> [To do]: Write out the stretch of lines below that begins at the line with "Мария Присухина опубликовала" and ends at the line with "Handy auf schwarzen", including both, exactly as given and nothing more.

━━━━━ Material for the task ━━━━━

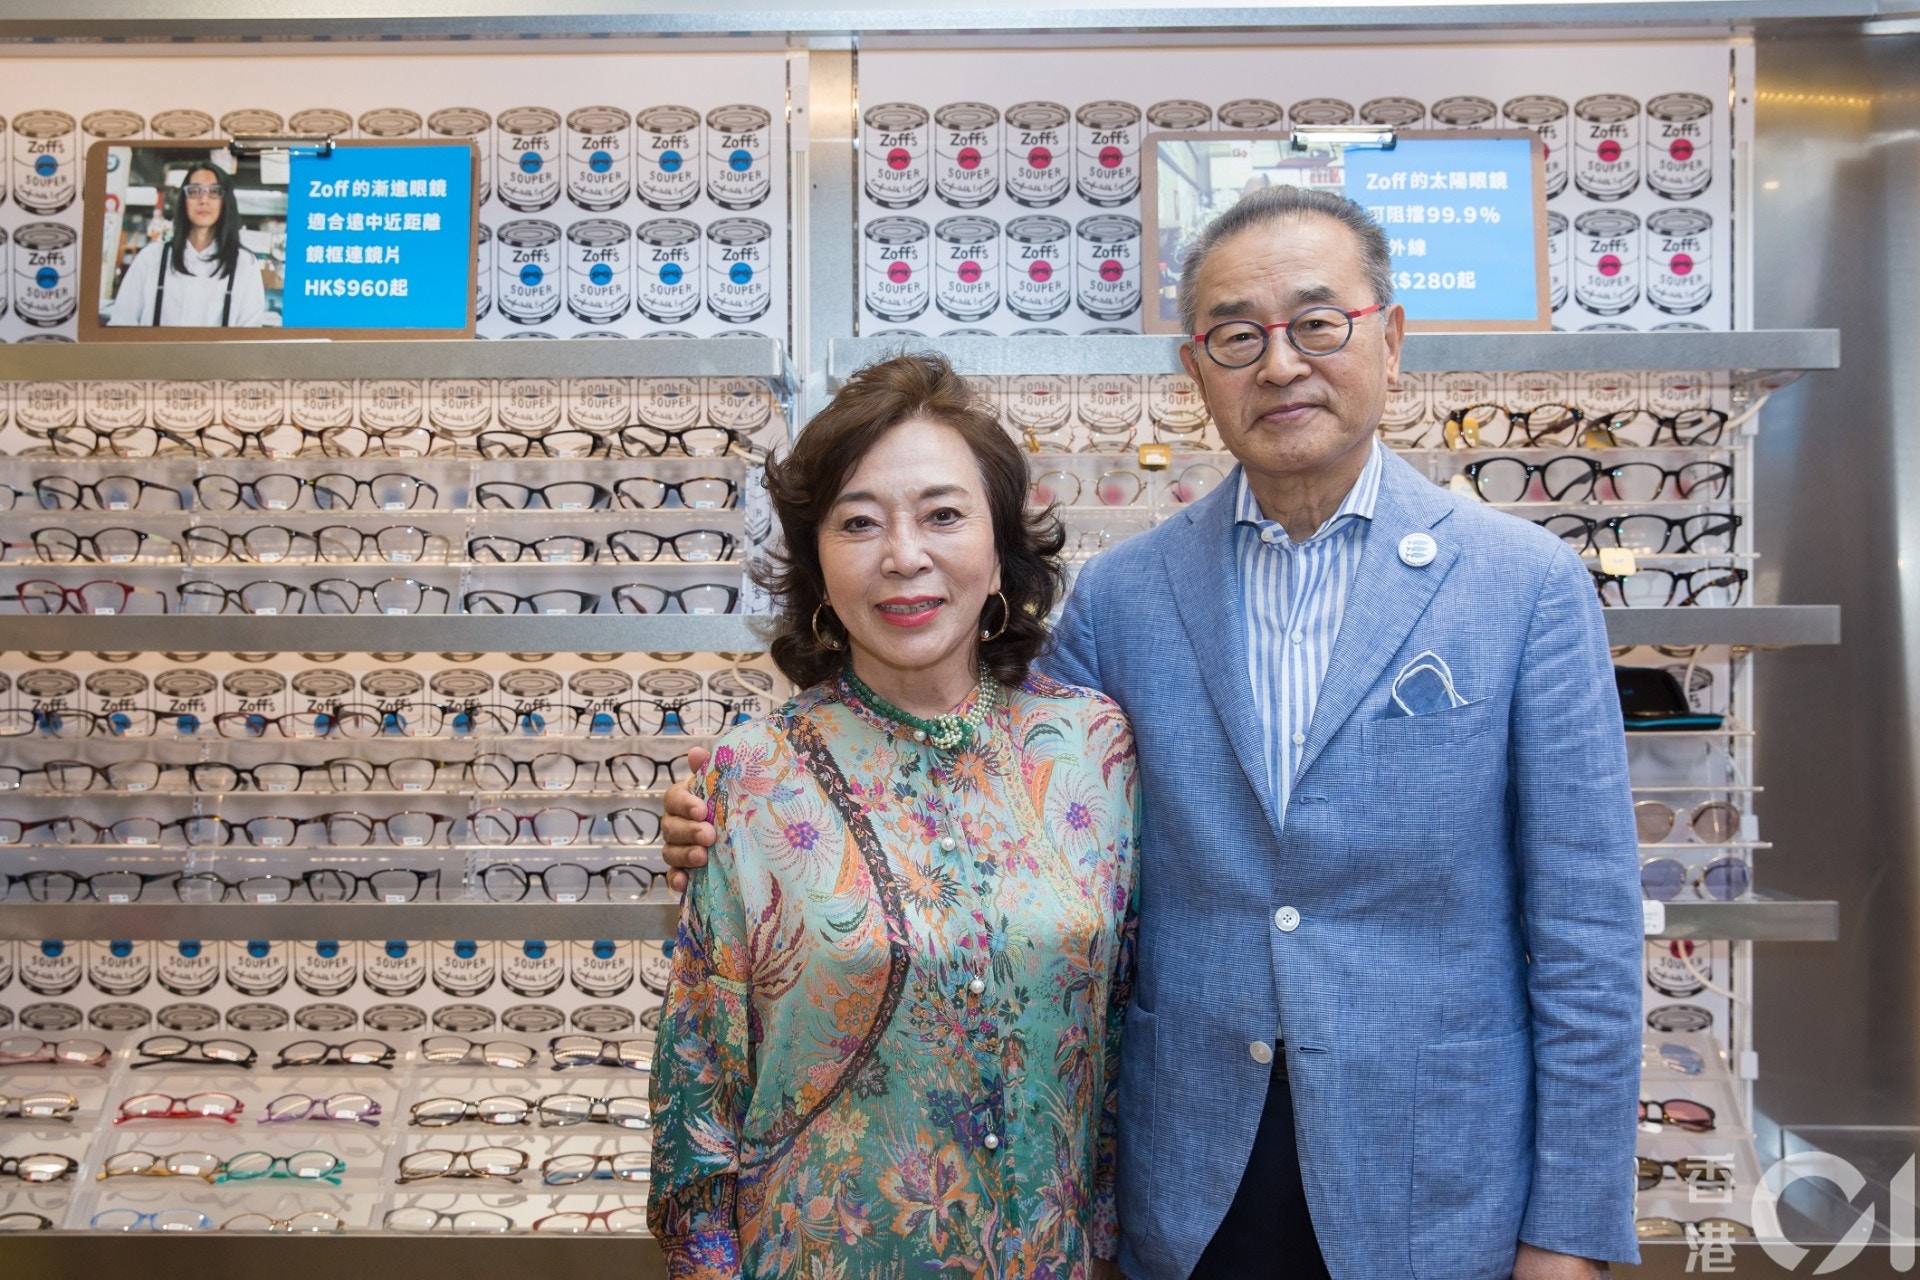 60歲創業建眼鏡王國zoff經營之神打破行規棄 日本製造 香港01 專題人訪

━━━━━
━━━━━ Material for the task ━━━━━

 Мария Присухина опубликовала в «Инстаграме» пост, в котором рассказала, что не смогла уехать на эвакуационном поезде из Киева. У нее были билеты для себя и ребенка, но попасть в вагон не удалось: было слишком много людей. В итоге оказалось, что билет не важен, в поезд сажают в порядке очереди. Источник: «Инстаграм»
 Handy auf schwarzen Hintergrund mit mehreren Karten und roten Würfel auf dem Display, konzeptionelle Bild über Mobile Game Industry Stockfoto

━━━━━

> [Answer section]:
 Мария Присухина опубликовала в «Инстаграме» пост, в котором рассказала, что не смогла уехать на эвакуационном поезде из Киева. У нее были билеты для себя и ребенка, но попасть в вагон не удалось: было слишком много людей. В итоге оказалось, что билет не важен, в поезд сажают в порядке очереди. Источник: «Инстаграм»
 Handy auf schwarzen Hintergrund mit mehreren Karten und roten Würfel auf dem Display, konzeptionelle Bild über Mobile Game Industry Stockfoto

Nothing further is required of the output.